I assume that this would work better for games like Sims or SimCity, since generally you're always clicking the same things and reading the same text - for e.g. Grim Fandango, you'll only be reading the same text again when you replay the game, which takes a while.
Version 2 of the translation is also pretty bad, but in a different way. This version has logically-constructed sentences, but the actual phrase/word/term choices themselves are often far worse than Version 1. “Proper Japanese” sentences translate poorly compared to Version 1. Overall, this translation is much more playable than Version 1.
The neural network result looks better, but is less accurate, yet much more playable? That's an odd conclusion...
There was a pre-pub paper on automated translation of manga. I wonder if the same approach could be used in games, assuming you can find a big enough corpus of well-translated games?
I think the point on this project and this submission is to illustrate how garbage (machine)translations end up for sentences too short or missing contexts
I don't understand how some of the translations can be SO BAD. E.g. the one that mentions "fitness room" and "Thailand"; What was the original Japanese sentence for that one?

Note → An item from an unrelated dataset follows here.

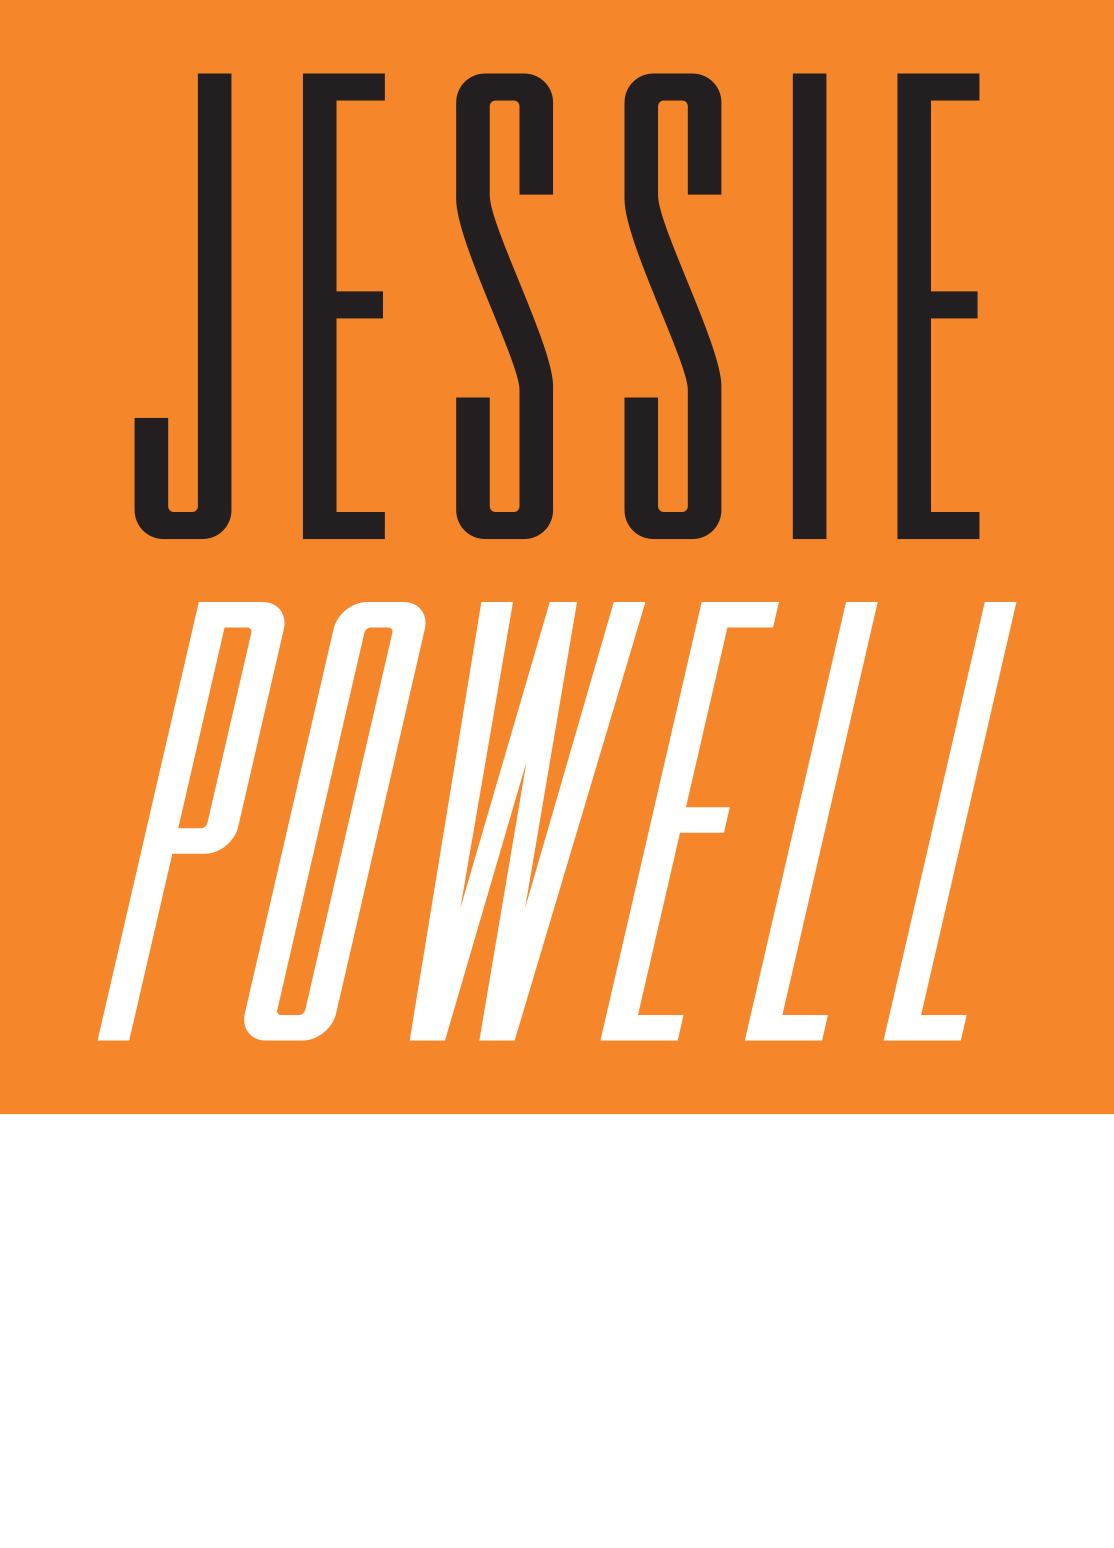 Jessie Powell Music Ltd

Looks like it got the dark elf and "I live in" parts, but "fitness room in Thailand" is probably what is commonly referred to as "neural network hallucination."
AFAIK the premise of NNMT is that it doesn't try to do much in the way of parsing, but tries to "learn" the association between phrases in the two languages by matching of the training data, so if it sees "fitness room" and "Thailand" and that happened to somehow align with an occurrence of ほくとうのしまのどうくつ , that's what it will think they translate to.

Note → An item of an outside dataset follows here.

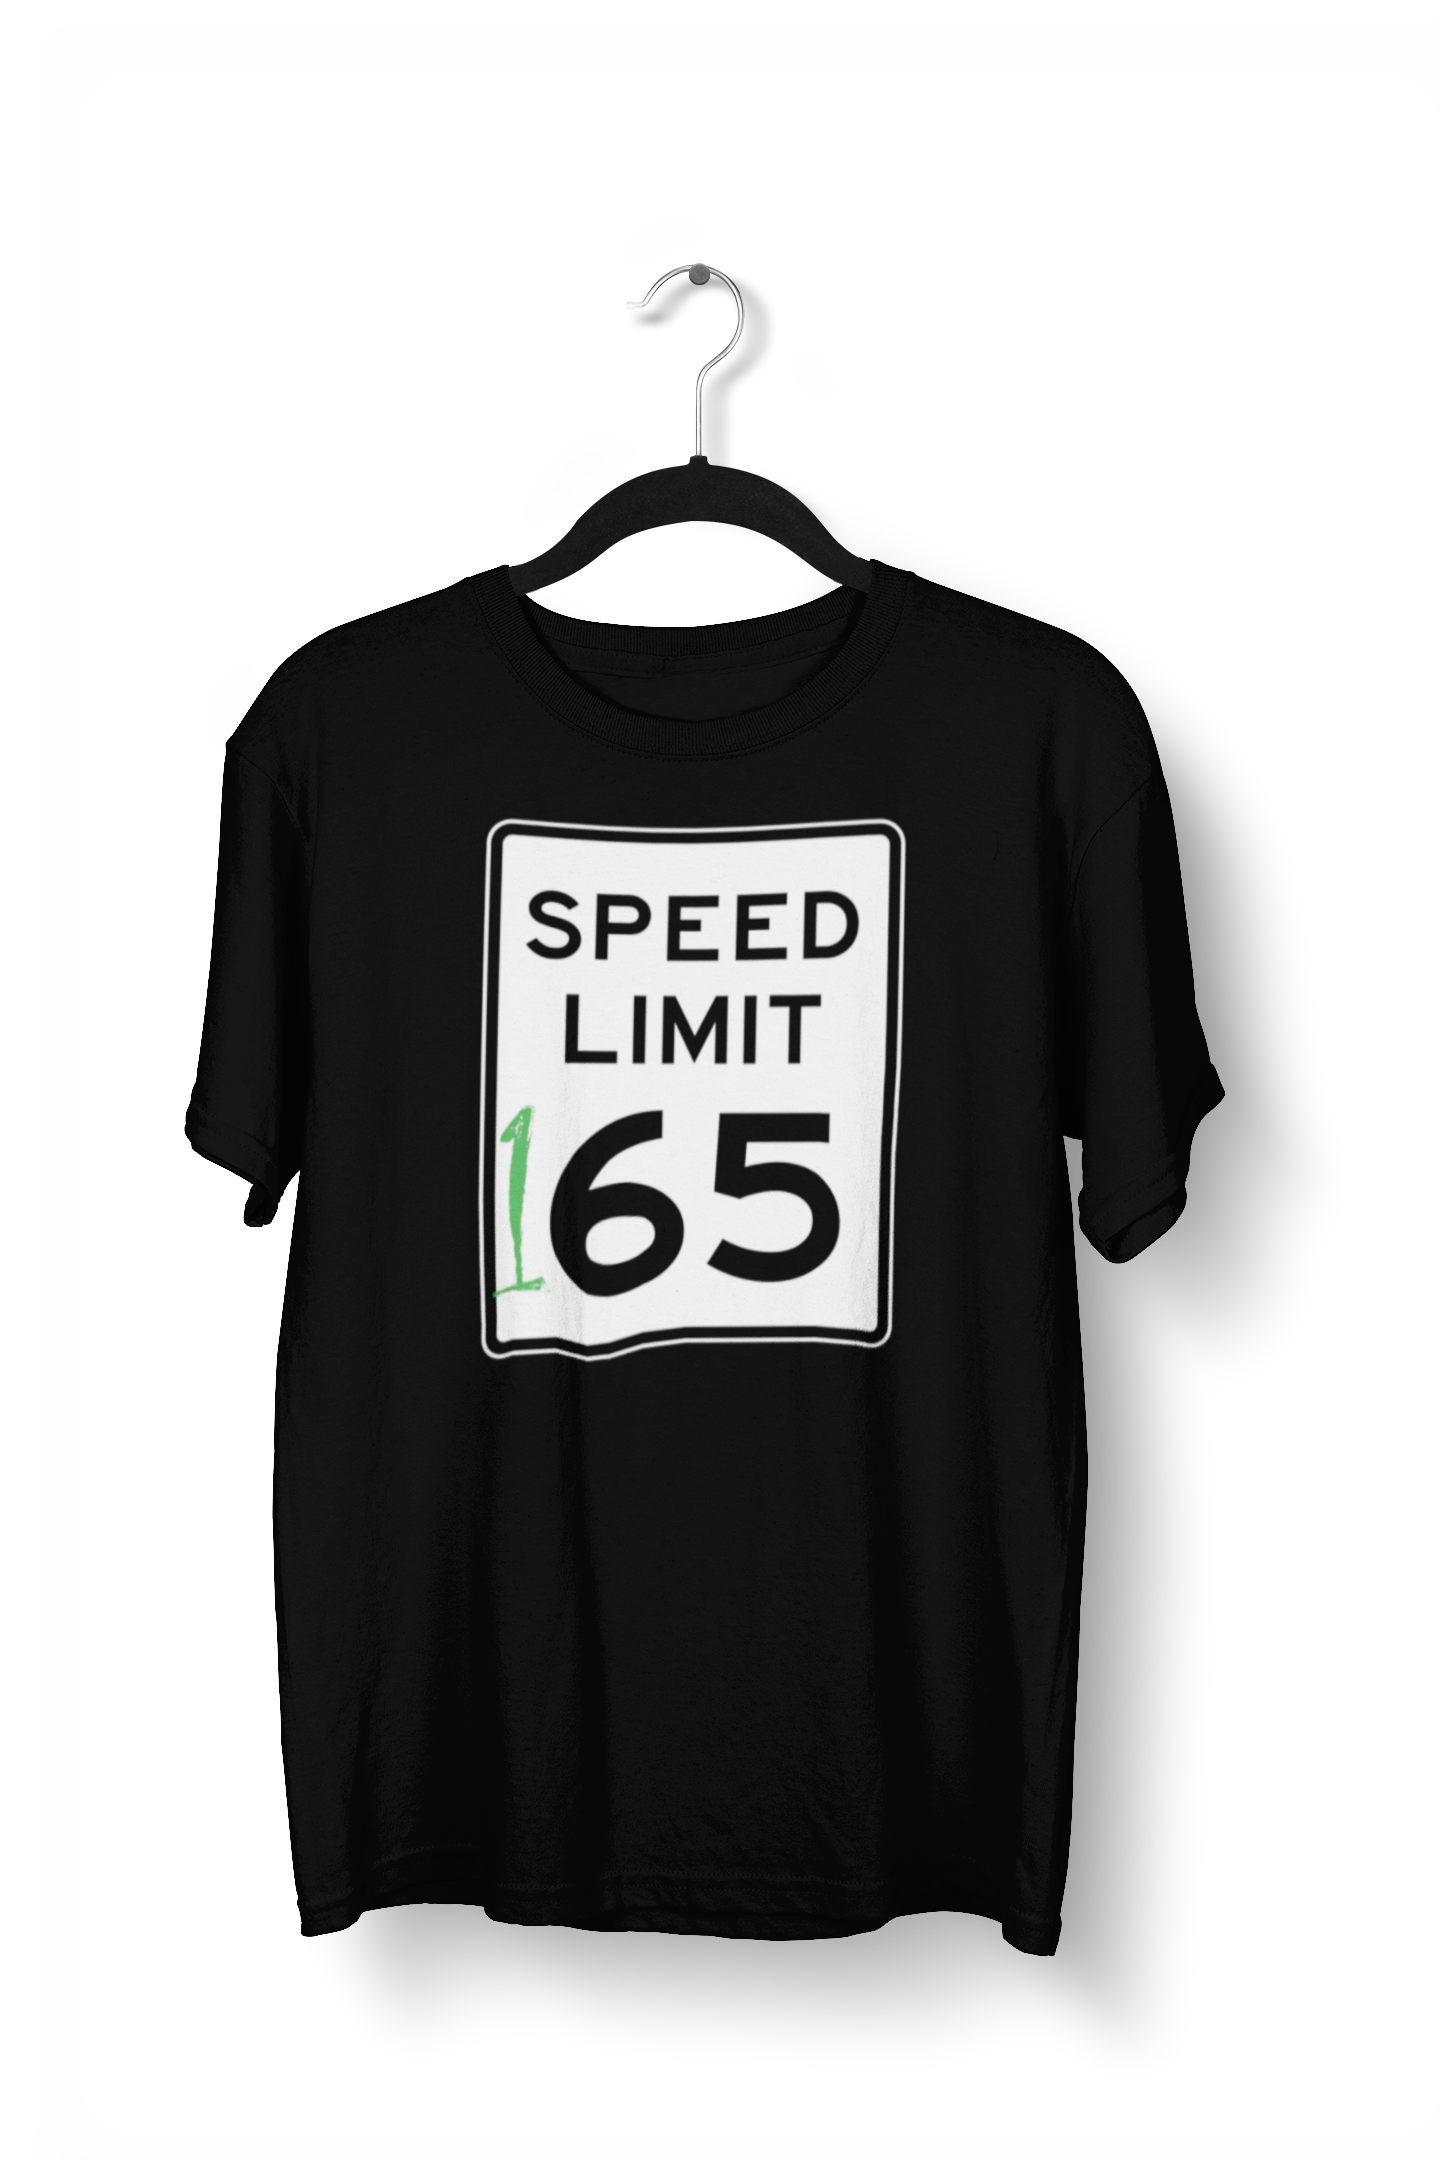 Speed Limit 165 T-Shirt

You can see some interesting "probing of Google Translate's guts" here:
Who knows how it came with up with that crazyness.
The original translates to something along the lines of "Dark elves live in the caves on the islands in the north east".
Maybe it took "north east" to mean Thailand and instead of separating しま and の it just took it as one block of text しまの (Shimano) like the bike company, and therefore fitness and どうくつ is cave which is in a way a type of room but that is one hell of a tortured translation.
GPT-3 will naively do much worse than DeepL at translation tasks; but may do pretty well (maybe better, though I don’t know that anyone’s rigorously compared them) if you contextualize the question carefully, e.g. make it a fill-in-the-blank line after a bunch of pre-made translation pairs, or even a “resolve this blank in the middle of the story” question with both prefixed and suffixed example translation.
But GPT-3 still hasn’t seen “much” non-English test (they only intentionally feed it mostly-English-language sources for now) so it’s definitely not as good at translation as a GPT-4 that had seen equal amounts of other-language corpus would be.
I suspect they translated each text box separately, instead of joining multiple text boxes into one string - because I frequently get much better translations than this from deepl. Japanese is a language that is often difficult to understand without context, so the smaller the chunks of texts are the worse a computer will do.
Stuff like: "Your brother is probably a man. Probably an adult." is just a bad translation of でしょう.
"Put the bomb in the ring in his hand" The second part is an overly literal translation of 手に入る, and the ring was probably called 爆弾の指輪 or something
”Very!" is probably just 全く
etc
These are things any intermediate learner would know, and yet AI models still struggle with them.